News Release

University of Michigan awarded $4.9 million to help reduce obesity in preschool children

USDA's National Institute of Food and Agriculture grant will support childhood obesity prevention programs for Head Start preschoolers

Grant and Award Announcement

Michigan Medicine - University of Michigan

Dr. Julie Lumeng, University of Michigan

image: The USDA's National Institute of Food and Agriculture has awarded $4.9 million to the University of Michigan to reduce the prevalence of childhood obesity among Head Start preschoolers in Michigan. Dr. Julie Lumeng will lead the research team. view more 

Credit: University of Michigan Health System

ANN ARBOR, Mich. – The USDA's National Institute of Food and Agriculture has awarded $4.9 million to the University of Michigan to reduce the prevalence of childhood obesity among Head Start preschoolers in Michigan.

The preschool years are a critical time for developing eating behaviors. Among 4-year-olds in the United States, nearly 1 in 5 is obese, and low-income children are 1.5 to 2 times more likely to be overweight than middle- or upper-income children.

"Obesity is perhaps the most pressing nutritional problem in America, with childhood and adolescent obesity rates tripling in the past 30 years," says NIFA director Roger Beachy, Ph.D., who made the award announcement Monday at the University of Michigan's C.S. Mott Children's Hospital.

"A goal for NIFA is to support research and develop methods, built on sound science, that will reverse the rising trend of obesity and help children and their families adopt healthy eating habits that will last a lifetime."

Julie C. Lumeng, M.D., a behavioral pediatrician at Mott Children's Hospital, will lead a research team of faculty from the U-M School of Public Health, the U-M Center for Human Growth and Development, and Michigan State University.

With the NIFA grant, Lumeng and her team will develop an obesity intervention program based on the premise that enhancing a child's ability to control certain emotions and behaviors is a key component of effective obesity prevention.

The ability to inhibit an impulse and calm oneself in the face of stress are two examples of self-regulatory abilities.

"These abilities may be relevant to obesity prevention because children who are better able to cope with stress may be less likely to eat impulsively or in response to stress," says Lumeng, an assistant professor of pediatrics in the Division of Child Behavioral Health, and assistant research scientist at the Center for Human Growth and Development.

Researchers includes nutrition and child health experts Karen E. Peterson, D. Sc., U-M professor of environmental health sciences, director of the Human Nutrition Program at the U-M School of Public Health, and co-director of the Michigan Nutrition and Obesity Research Center; Alison Miller, Ph.D., assistant research professor at the U-M School of Public Health and assistant research professor at the Center for Human Growth; and Holly Brophy-Herb, Ph.D., and Mildred Horodynski, Ph.D., of Michigan State.

The trial will evaluate the response of 600 Head Start children and their families to the Preschool Obesity Prevention Series (POPS), a curriculum that focuses on obesity-related health behaviors.

Additionally, the team will evaluate the response to the POPS intervention combined with the Incredible Years Series (IYS), an evidence-based program designed to improve preschoolers' emotional and behavioral self-regulation.

The team proposes that combining intervention strategies of POPS and IYS will lead to the greatest improvements in obesity-related health behaviors.

Cooperative Extension and Head Start educators who collaborate in the project will receive training and educational curricula and assist in determining the effectiveness of the program. If successful, the results will be widely disseminated to teachers around the country.

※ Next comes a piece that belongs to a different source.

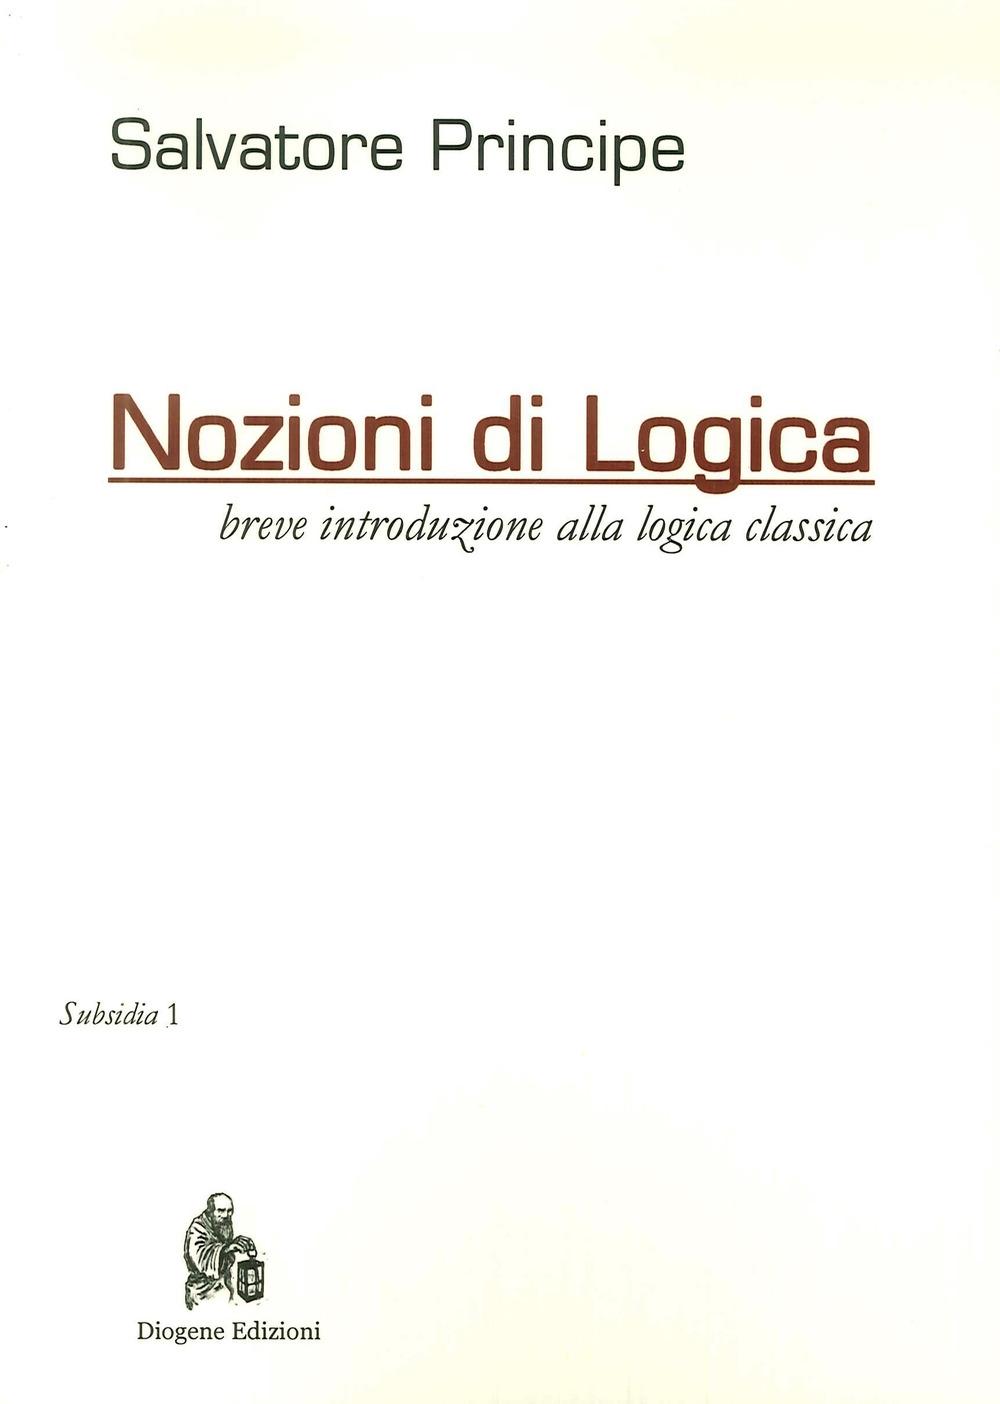 Nozioni di logica. Breve introduzione alla logica classica

The Michigan Head Start programs will include Jackson Community Action Agency, Michigan Family Resources, Walker, Mich., and EightCAP, headquartered in Greenville, Mich., north of Grand Rapids, Mich.

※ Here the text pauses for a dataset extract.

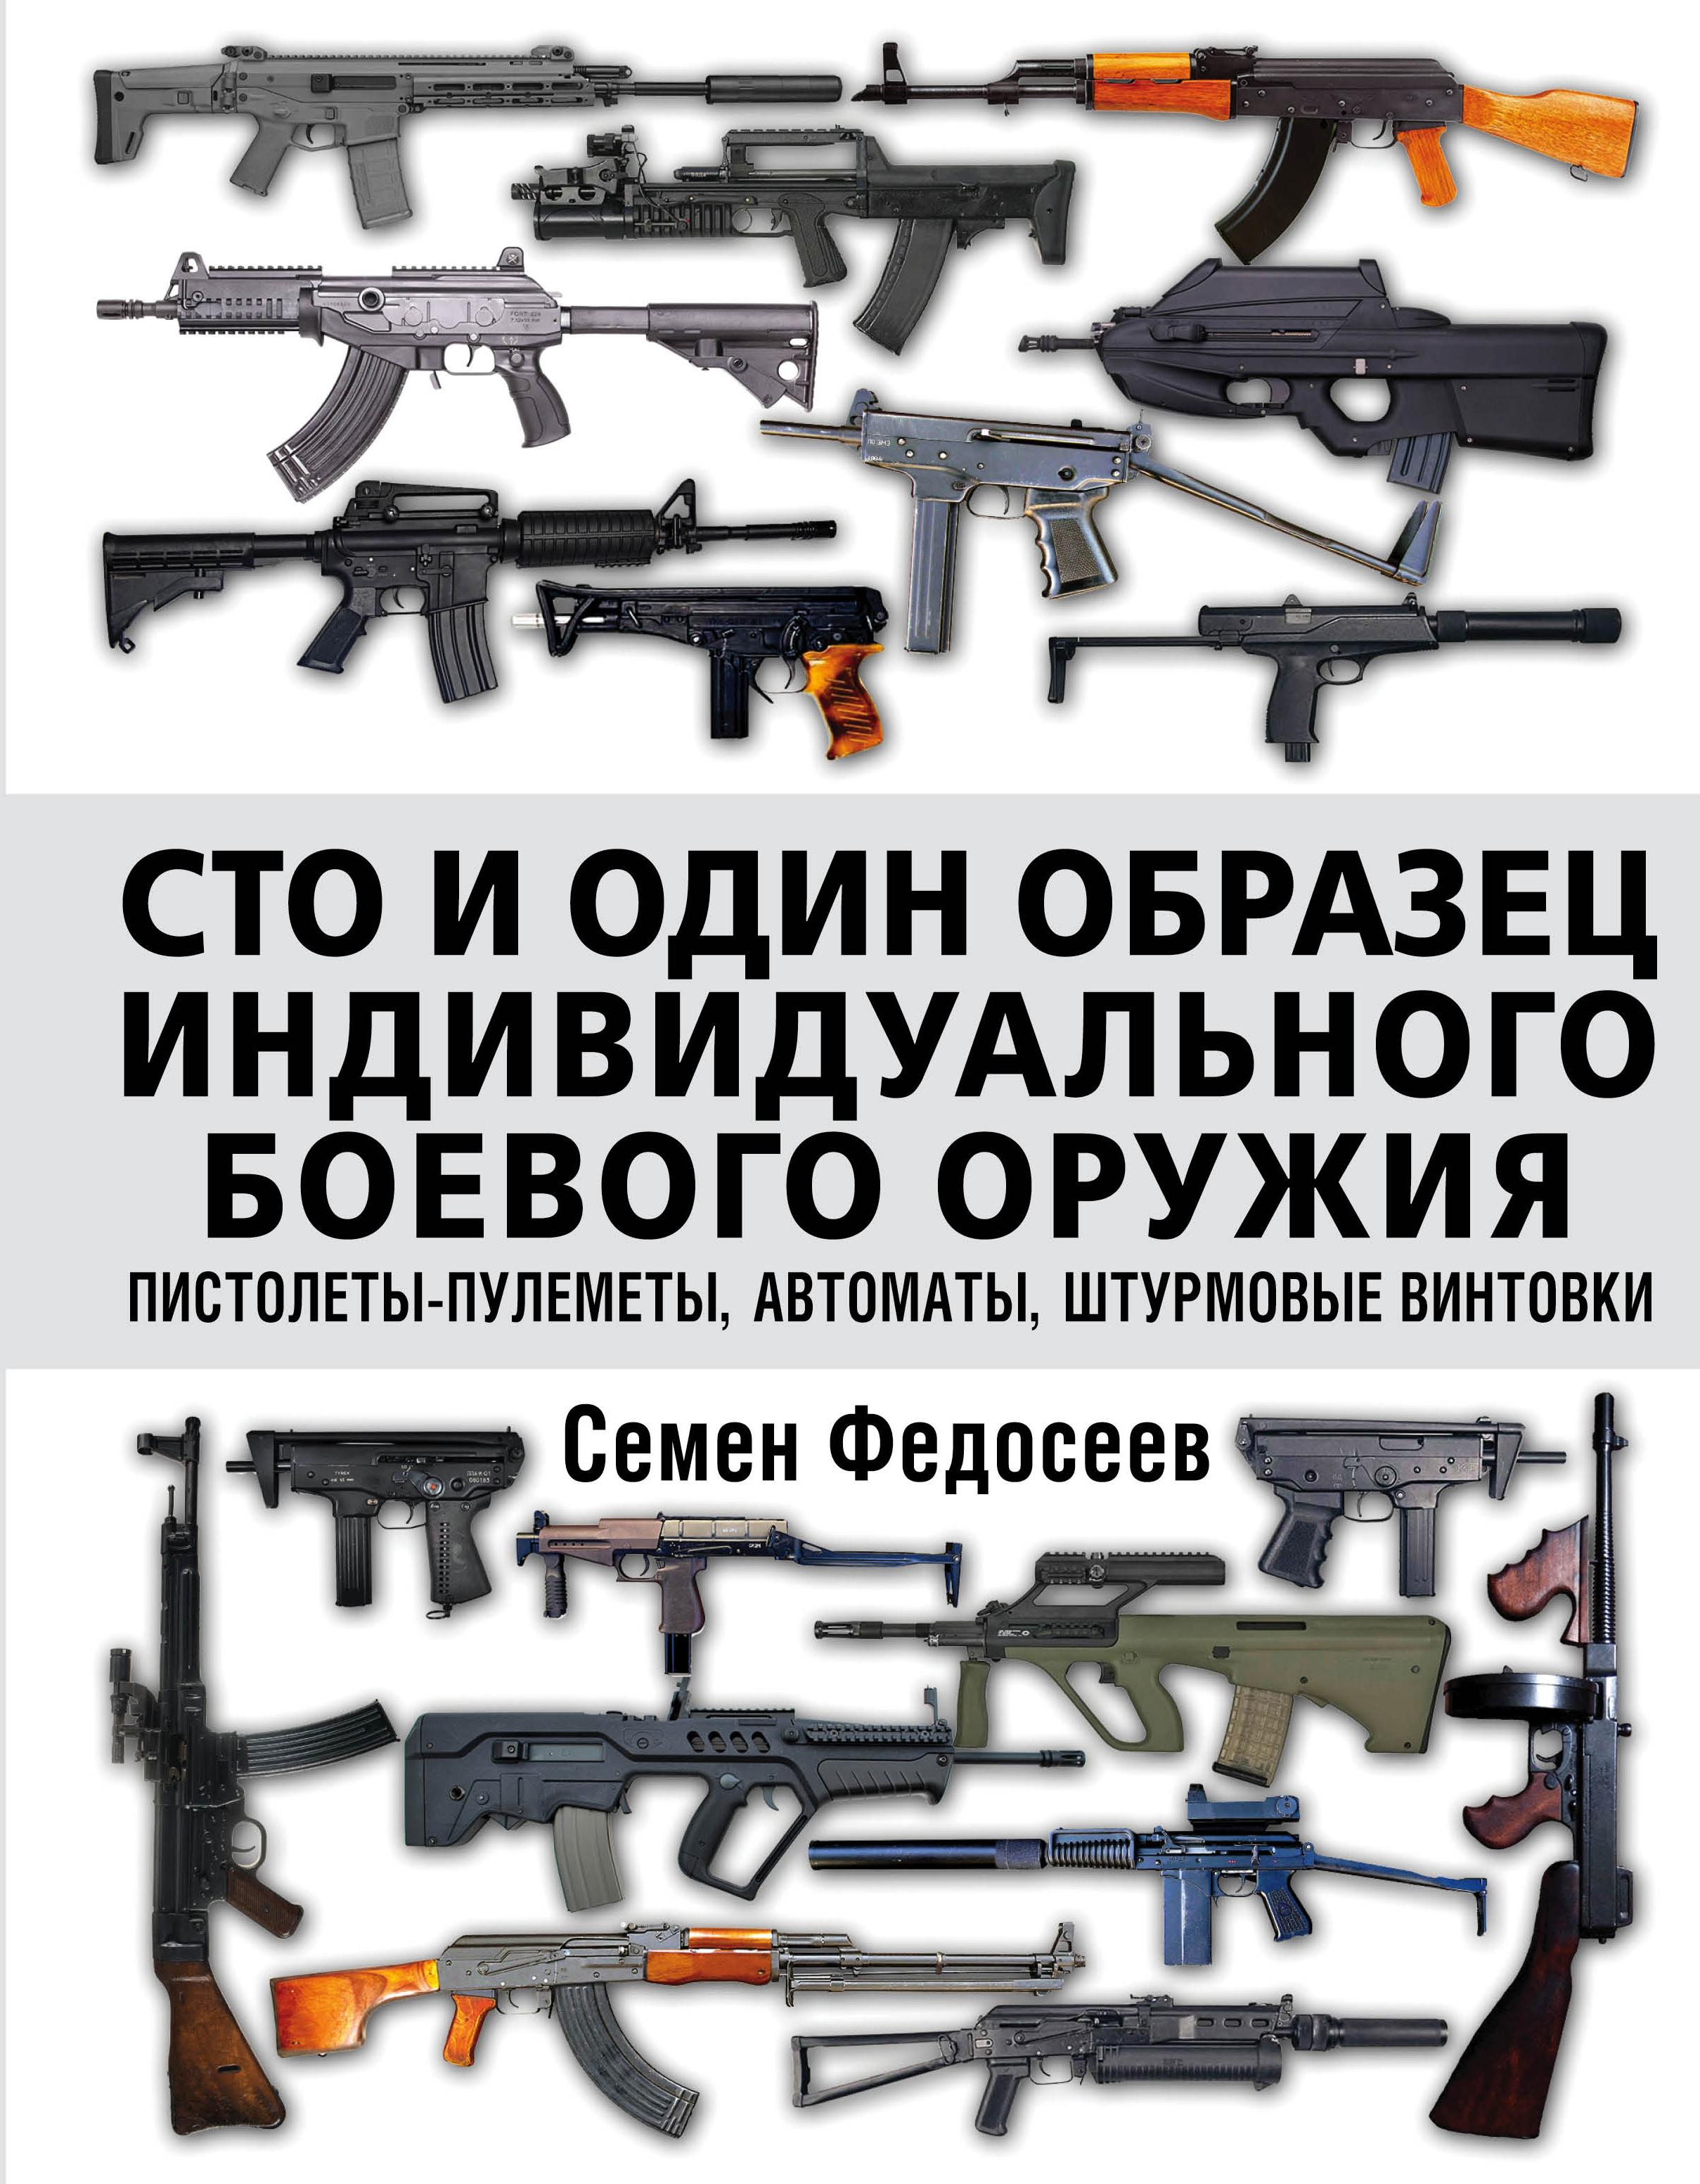 Семен Федосеев Сто и один образец индивидуального боевого оружия: пистолеты-пулеметы, автоматы, штурмовые винтовки федосеев с сто и один образец индивидуального боевого оружия пистолеты пулеметы автоматы штурмовые винтовки

The grant is awarded through NIFA's Agriculture and Food Research Initiative (AFRI). AFRI supports childhood obesity prevention single-function research, education and extension projects; multi-function integrated research, education and extension projects; and Food and Agricultural Science Enhancement (FASE) grants.

The long-term outcome for this program is to reduce the prevalence of overweight and obese children and adolescents ages 2 to 19 years.